ENTRIES SHOWN »
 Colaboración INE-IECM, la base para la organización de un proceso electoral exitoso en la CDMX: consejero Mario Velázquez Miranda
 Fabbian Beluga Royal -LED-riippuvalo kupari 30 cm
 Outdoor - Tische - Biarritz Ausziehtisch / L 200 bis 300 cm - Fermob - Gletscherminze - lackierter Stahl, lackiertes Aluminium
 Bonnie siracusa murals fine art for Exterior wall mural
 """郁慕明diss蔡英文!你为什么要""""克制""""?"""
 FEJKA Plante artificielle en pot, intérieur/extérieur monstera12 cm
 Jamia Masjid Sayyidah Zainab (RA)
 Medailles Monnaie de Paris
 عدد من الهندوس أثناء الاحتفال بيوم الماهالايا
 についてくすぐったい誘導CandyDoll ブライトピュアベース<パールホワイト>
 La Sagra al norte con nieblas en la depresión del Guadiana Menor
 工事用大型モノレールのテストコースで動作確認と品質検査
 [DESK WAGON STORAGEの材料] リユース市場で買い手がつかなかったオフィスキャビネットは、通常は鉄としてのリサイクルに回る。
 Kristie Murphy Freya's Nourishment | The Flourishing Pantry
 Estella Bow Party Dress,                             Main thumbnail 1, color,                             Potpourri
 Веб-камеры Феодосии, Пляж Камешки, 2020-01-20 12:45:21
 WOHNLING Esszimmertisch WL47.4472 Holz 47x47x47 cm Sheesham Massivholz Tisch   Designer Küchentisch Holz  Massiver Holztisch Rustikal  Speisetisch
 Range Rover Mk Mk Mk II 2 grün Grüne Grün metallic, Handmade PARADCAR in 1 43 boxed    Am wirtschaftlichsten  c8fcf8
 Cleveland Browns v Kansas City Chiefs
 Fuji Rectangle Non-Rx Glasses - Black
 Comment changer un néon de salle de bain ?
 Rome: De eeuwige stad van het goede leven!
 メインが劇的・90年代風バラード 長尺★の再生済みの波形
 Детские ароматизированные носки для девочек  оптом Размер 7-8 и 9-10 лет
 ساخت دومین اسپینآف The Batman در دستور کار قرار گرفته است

WORK INSTRUCTIONS » Transcribe the material exactly, stopping after the "Kristie Murphy Freya's" line.

ANSWER »
 Colaboración INE-IECM, la base para la organización de un proceso electoral exitoso en la CDMX: consejero Mario Velázquez Miranda
 Fabbian Beluga Royal -LED-riippuvalo kupari 30 cm
 Outdoor - Tische - Biarritz Ausziehtisch / L 200 bis 300 cm - Fermob - Gletscherminze - lackierter Stahl, lackiertes Aluminium
 Bonnie siracusa murals fine art for Exterior wall mural
 """郁慕明diss蔡英文!你为什么要""""克制""""?"""
 FEJKA Plante artificielle en pot, intérieur/extérieur monstera12 cm
 Jamia Masjid Sayyidah Zainab (RA)
 Medailles Monnaie de Paris
 عدد من الهندوس أثناء الاحتفال بيوم الماهالايا
 についてくすぐったい誘導CandyDoll ブライトピュアベース<パールホワイト>
 La Sagra al norte con nieblas en la depresión del Guadiana Menor
 工事用大型モノレールのテストコースで動作確認と品質検査
 [DESK WAGON STORAGEの材料] リユース市場で買い手がつかなかったオフィスキャビネットは、通常は鉄としてのリサイクルに回る。
 Kristie Murphy Freya's Nourishment | The Flourishing Pantry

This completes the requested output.